Les textes en kawi couvrent un large éventail de genres : inscriptions royales, épopées, traités religieux, poèmes, chroniques et récits mythologiques. Au nombre des ouvrages de cette littérature, on cite : le Kanda, poème dont l'original parait être perdu, mais dont il reste une traduction en javanais, et qui représente la lutte des divinités indiennes avec les divinités indigènes; le Brata Youdha (la Guerre sainte, ou la Guerre du malheur), poème de 719 stances de diverses rimes, composé au VIIIe ou au XIIe siècle par Pouseda, qui en emprunta le sujet à l'épopée indienne du Mahabharata; le Manek-Maya (l'Homme), poème où est exposée la cosmogonie des Javanais, d'après le dogme bouddhique; le Nitisastra, traité de morale du XIIe ou XIIIe siècle. Ces textes montrent un raffinement stylistique marqué par des jeux d'assonances, de parallélismes et de métaphores savantes.
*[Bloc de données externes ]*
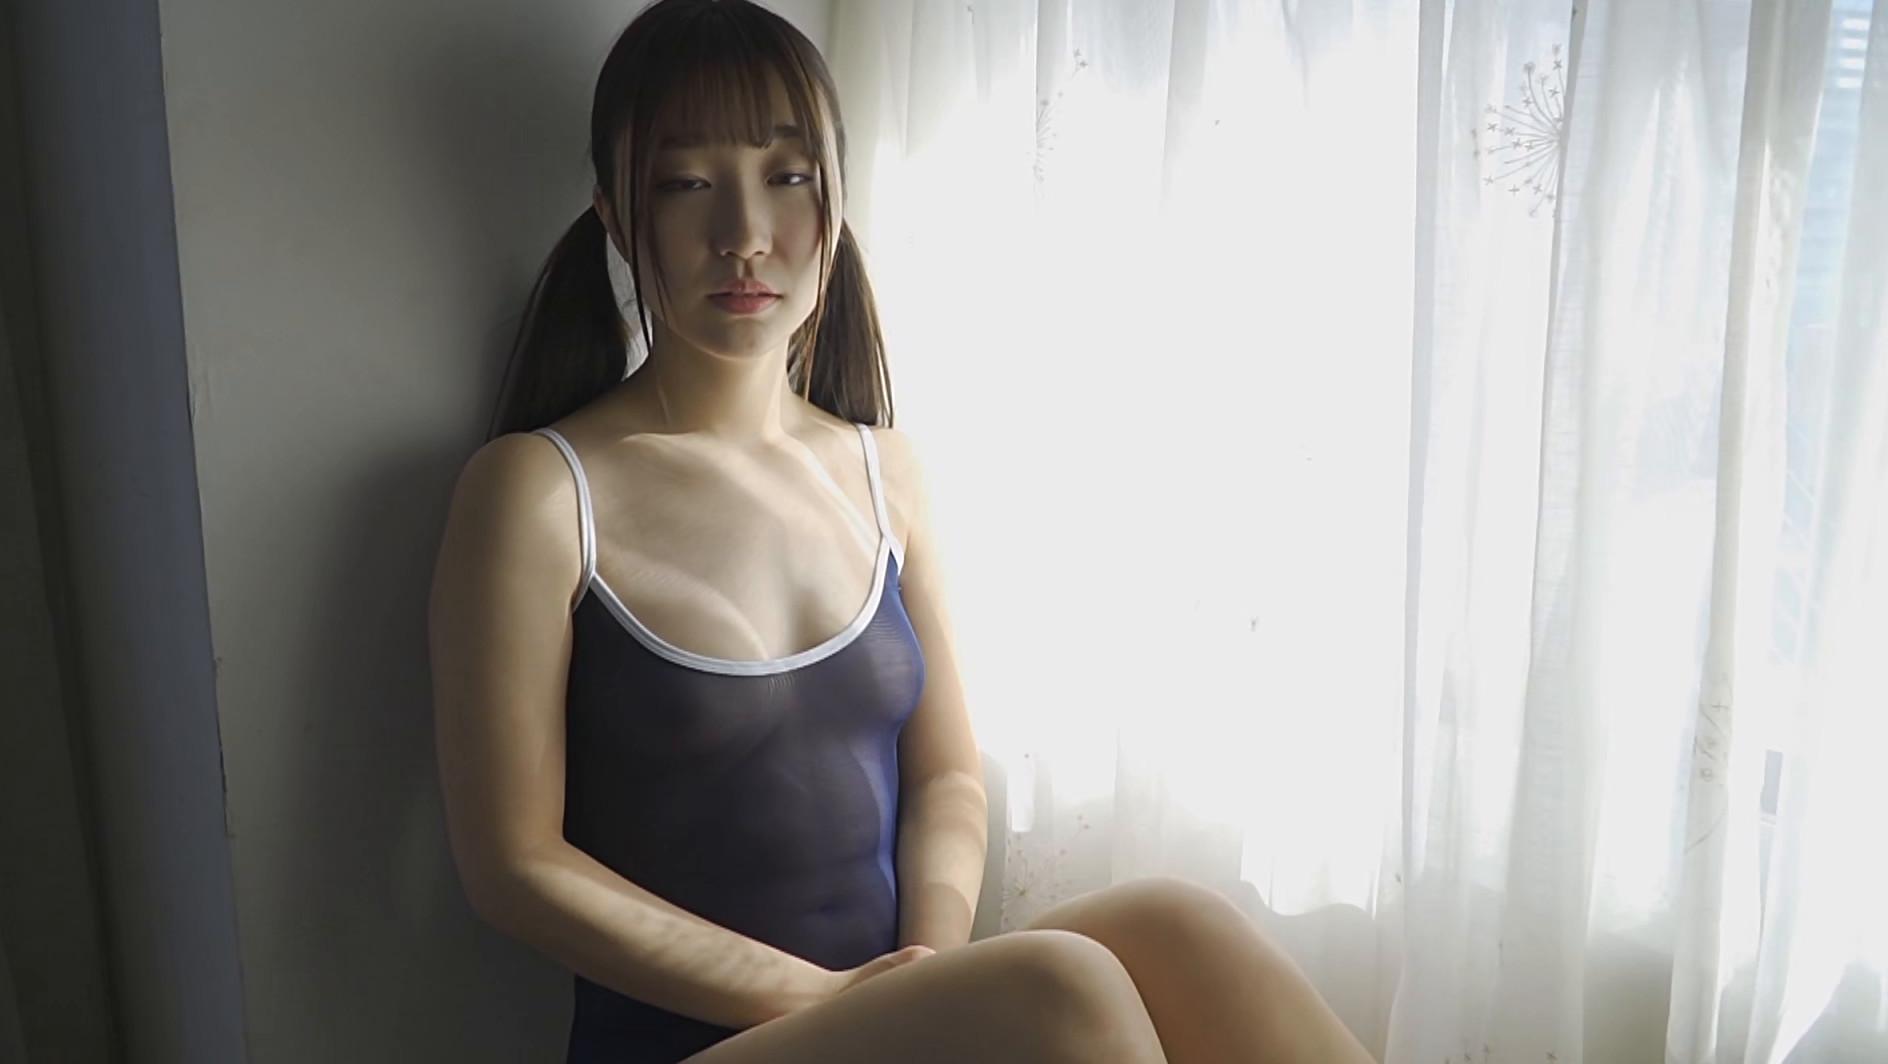 ヌーディスト上京Girl 天然みのり 画像20

Sur le plan linguistique, le kawi se situe à mi-chemin entre le proto-malayo-javanais et les langues modernes comme le javanais, le balinais et le sundanais. Sa grammaire présente des traces d'un système de particules et d'affixes comparable à celui du javanais contemporain, mais plus proche de la structure des langues austronésiennes anciennes. Le système verbal repose surtout sur des dérivations affixales exprimant la voix, l'aspect ou la transitivité plutôt que sur la flexion. Le vocabulaire révèle une stratification sociolinguistique, avec des registres formels et sacrés distincts des usages profanes, phénomène qui se maintient encore dans le javanais moderne à travers ses niveaux de langue (ngoko, krama, madya).
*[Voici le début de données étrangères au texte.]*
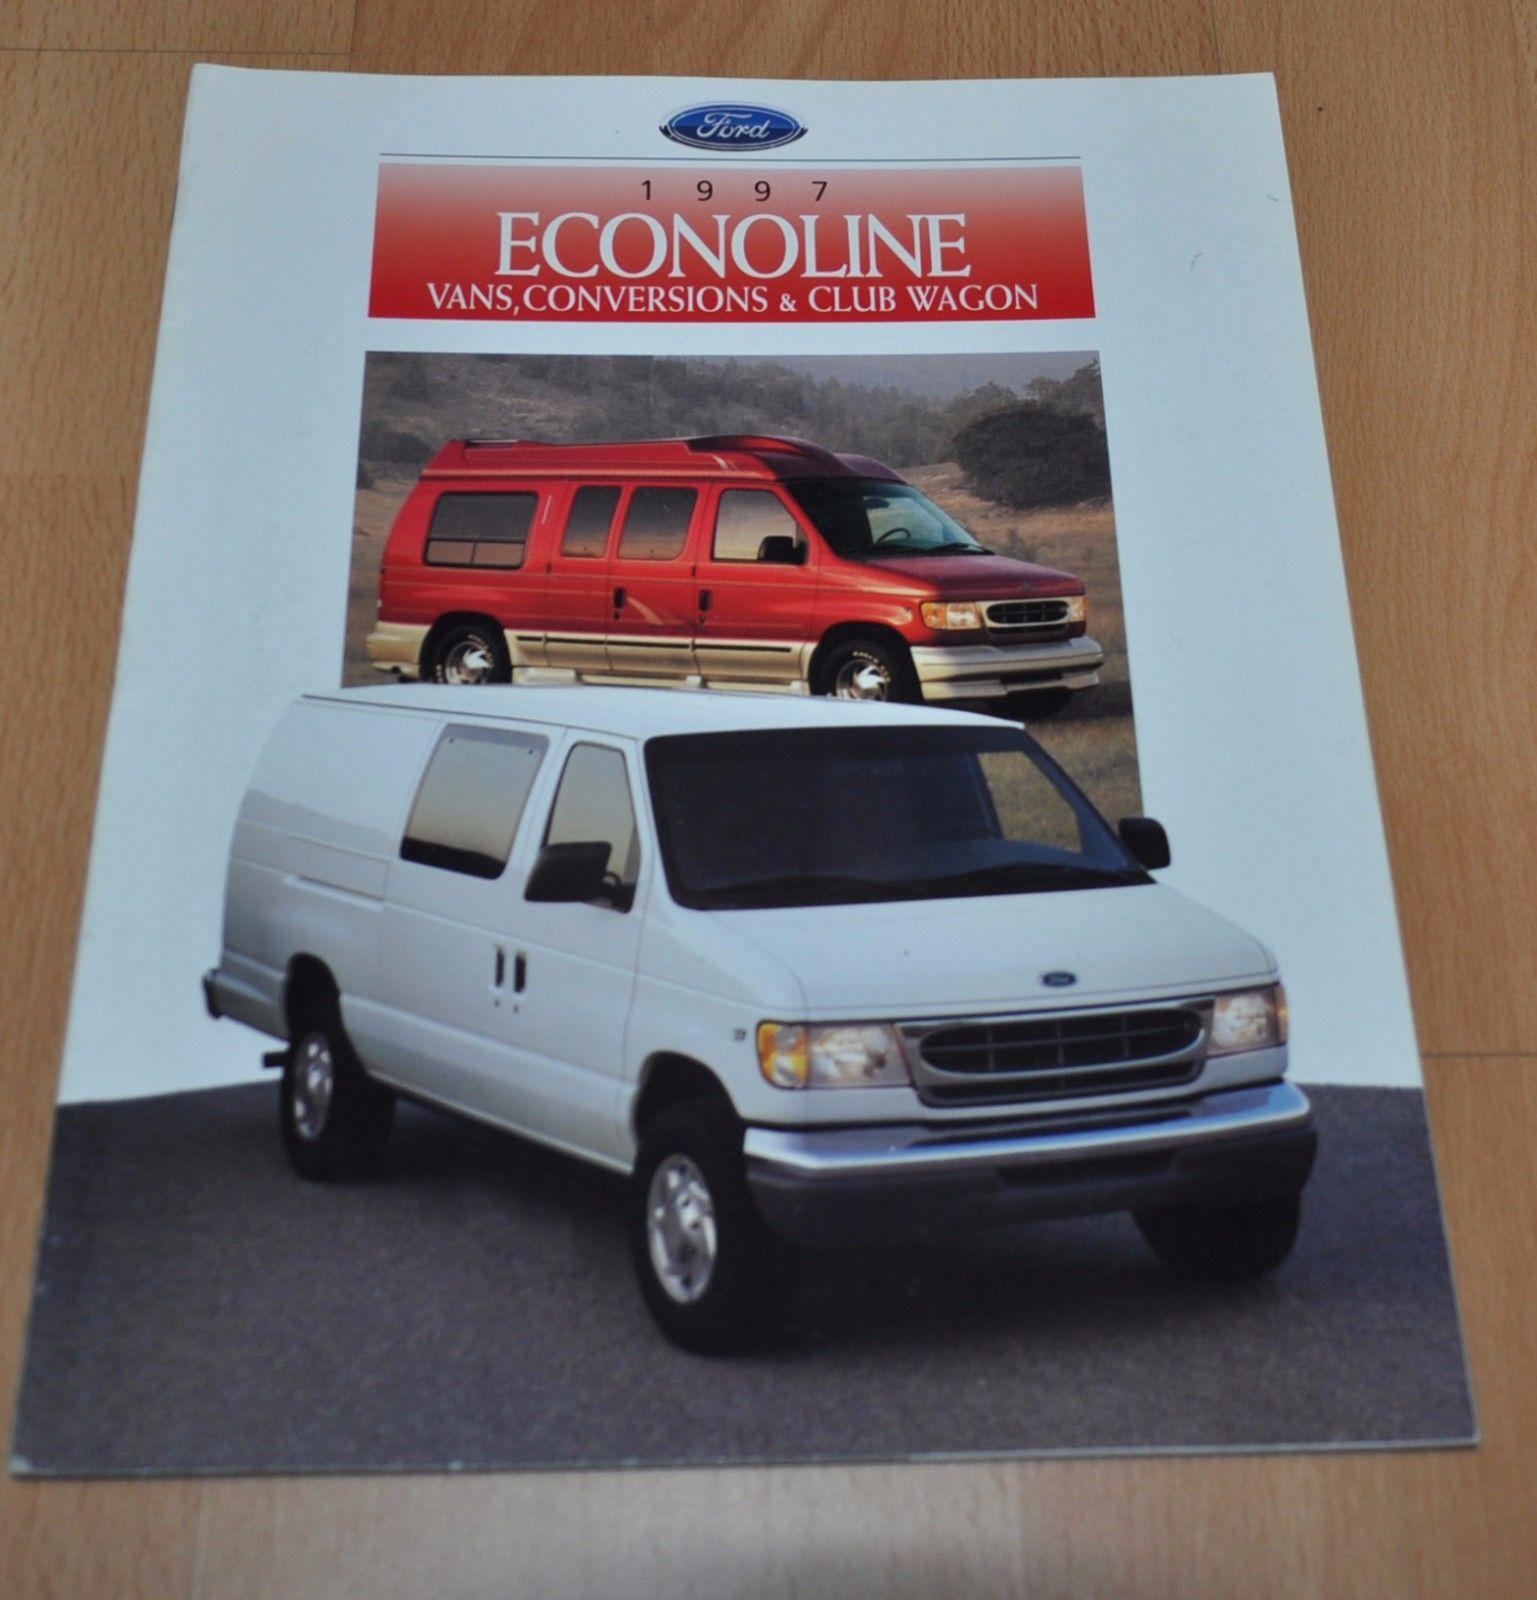 1997 Ford Club Wagon Vans Conversions Brochure Prospekt

La langue kawi a progressivement décliné à partir du XIVᵉ siècle, parallèlement à l'essor des royaumes musulmans de Java et à la montée du javanais moyen, plus proche de la langue parlée. Toutefois, son prestige symbolique est resté considérable. À Bali, elle a continué à être utilisée comme langue liturgique et érudite jusqu'à l'époque moderne. Aujourd'hui, le kawi demeure essentiel pour la compréhension des inscriptions anciennes et des textes fondateurs de la culture javano-balinaise. Il est étudié par les linguistes, philologues et historiens comme une clé pour retracer l'évolution culturelle et linguistique de l'Indonésie préislamique.